Au Japon, dans les librairies, il y a un rayon un peu particulier, intitulé « nihonjinron ». Littéralement, cela signifie « traité sur les Japonais » : en clair, des thèses sur les particularités des Japonais et de leur culture, écrites (très majoritairement) par des Japonais. Ces livres représentent des milliers de titres parus depuis les années 1960. Ils ressassent tous à peu près les mêmes idées, et sont extrêmement populaires : les « traits de caractères typiquement japonais » qui y sont décrits sont donc connus de presque tout le monde. Et la majeure partie des gens y adhère.
Dans ces livres de regardage de nombril, on apprend donc, par exemple, que la valeur japonaise par excellence est le « wa », l’harmonie : pas de conflit dans la société japonaise ! Les Japonais ont tous un « cœur » japonais, le « kokoro » : ils partagent tous une certaine sensibilité… corollaire : si vous êtes pas Japonais, vous ne les comprendrez pas, laissez tomber.

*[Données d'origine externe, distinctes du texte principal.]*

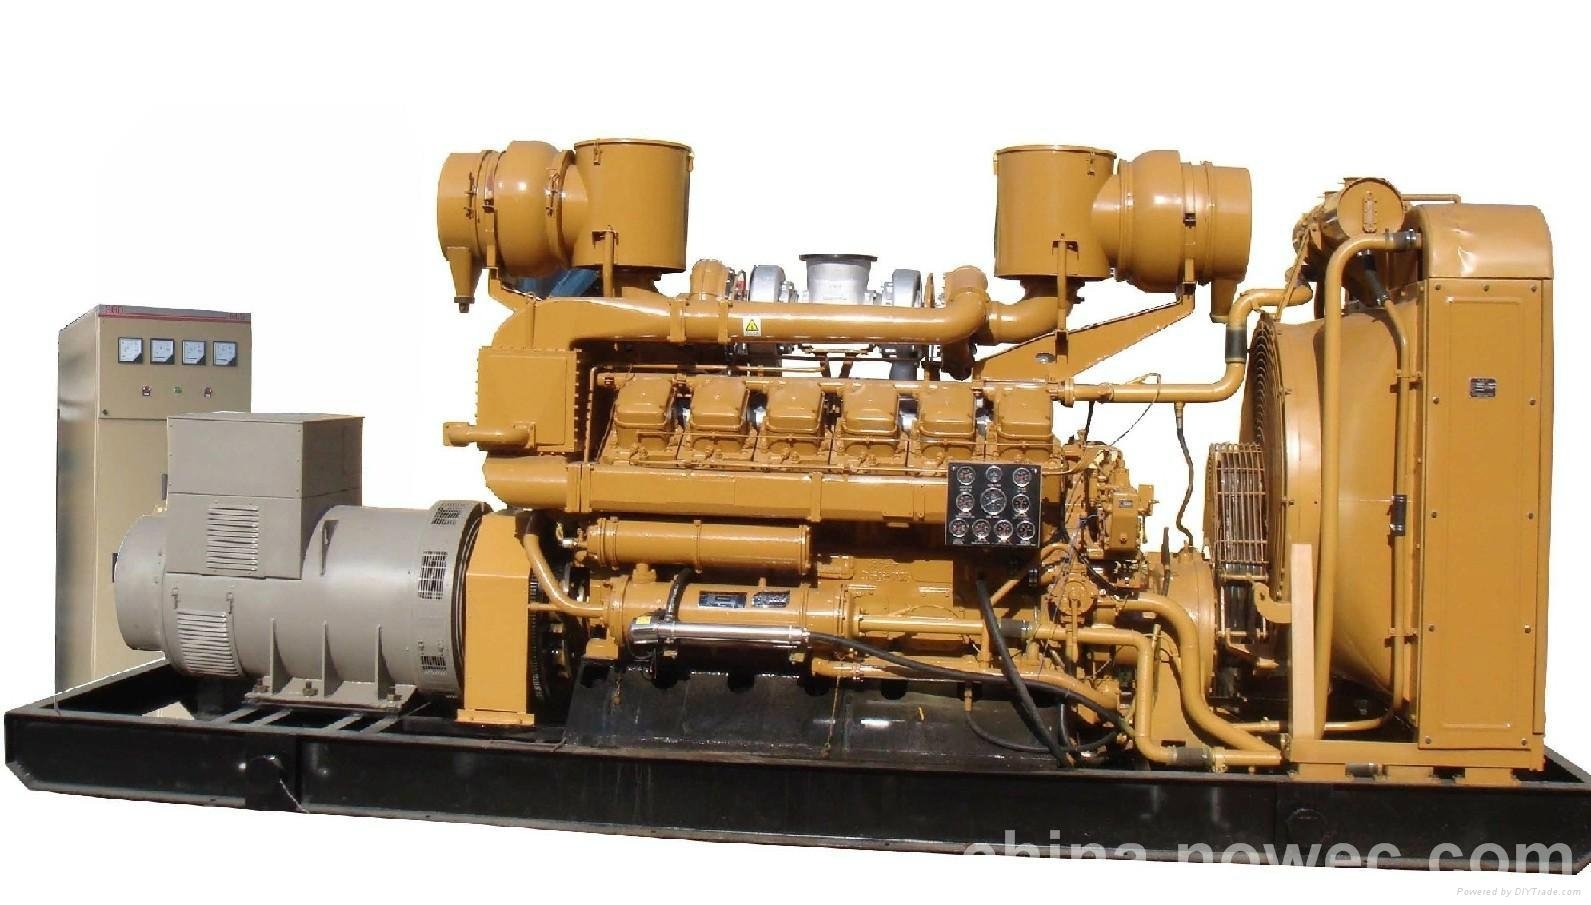 190 series generator set

Ces écrits très sérieux vous apprennent aussi entre autres que si les Occidentaux sont doués pour l’esprit de synthèse, c’est parce qu’en Occident il y a des déserts. Au Japon, il y a des forêts : donc eux, c’est l’esprit d’analyse leur point fort. Autre perle : si les Occidentaux sont agressifs, c’est qu’ils mangent beaucoup de viande… Les Japonais eux mangent du riz, et le riz, c’est mou (enfin surtout le riz japonais) : d’où la culture du consensus et des rapports plus doux entre les gens.
Évidemment, ça sent le gros cliché à plein nez. Et c’est souvent teinté de nationalisme. C’est là que les problèmes commencent.
Car dans cette logique, les Japonais sont complètement différents du reste du monde. Différents, c’est-à-dire, pour beaucoup d’auteurs de nihonjinron : ils sont meilleurs.
Alors bon, on peut se dire que c’est pas pour autant que tous les Japonais croient dur comme fer à toutes les généralités qu’on peut trouver dans ces bouquins. D’ailleurs, ma coloc nie en bloc l’existence de tout ça : « Nihonjinron ? Jamais entendu parler ! ».
La semaine dernière en cours de japonais, notre prof nous a fait lire un texte de toute beauté dans le genre. L’auteur, apparemment très connu, y décrit quelques formules de politesse japonaise un peu difficiles à comprendre pour les étrangers… jusque là tout va bien. Puis il embraye d’un coup sur : « les Américains, quand ils cassent un verre, ils ne disent pas « j’ai cassé un verre » mais « le verre s’est cassé ». Comme si le verre s’était cassé tout seul. D’ailleurs j’ai demandé à des Européens et des Australiens et même des Chinois, ils disent pareil. Nous, Japonais, nous disons « j’ai cassé le verre », car nous assumons nos responsabilités. Nous reconnaissons nos torts quand nous cassons quelque chose. Peut-être qu’il n’y a que les Japonais au monde qui disent comme ça. N’est-ce pas merveilleux ? Je pense que c’est là la vertu des Japonais. » (propos abrégés mais ce sont bien ces mots qui sont employés).
Passons sur le fait que c’est faux et qu’en français, en anglais et sûrement dans les autres langues aussi, il est tout à fait naturel aussi de dire « j’ai cassé un verre ».
Subtil, le jugement de valeur déguisé en leçon de grammaire ! Avec l’emploi du mot « vertu » et l’idée « il n’y a que les Japonais qui ont ce sens de responsabilité », ça fait un peu peur.
Cela dit, si mon prof nous a fait lire ce texte, c’était pour avoir nos avis (moi française et les autres élèves, russes et philippines) car il se doutait qu’on ne serait pas d’accord. Les gens n’avalent pas toutes ces idées prémâchées comme ça, en fin de compte. Enfin, au moins ceux qui ont l’habitude de travailler avec des étrangers.
Le truc, c’est que ce texte était sur le programme d’examen d’entrée d’un collège en 2005…
A ce rythme-là, les préjugés contre les étrangers ne sont pas près de disparaître au Japon.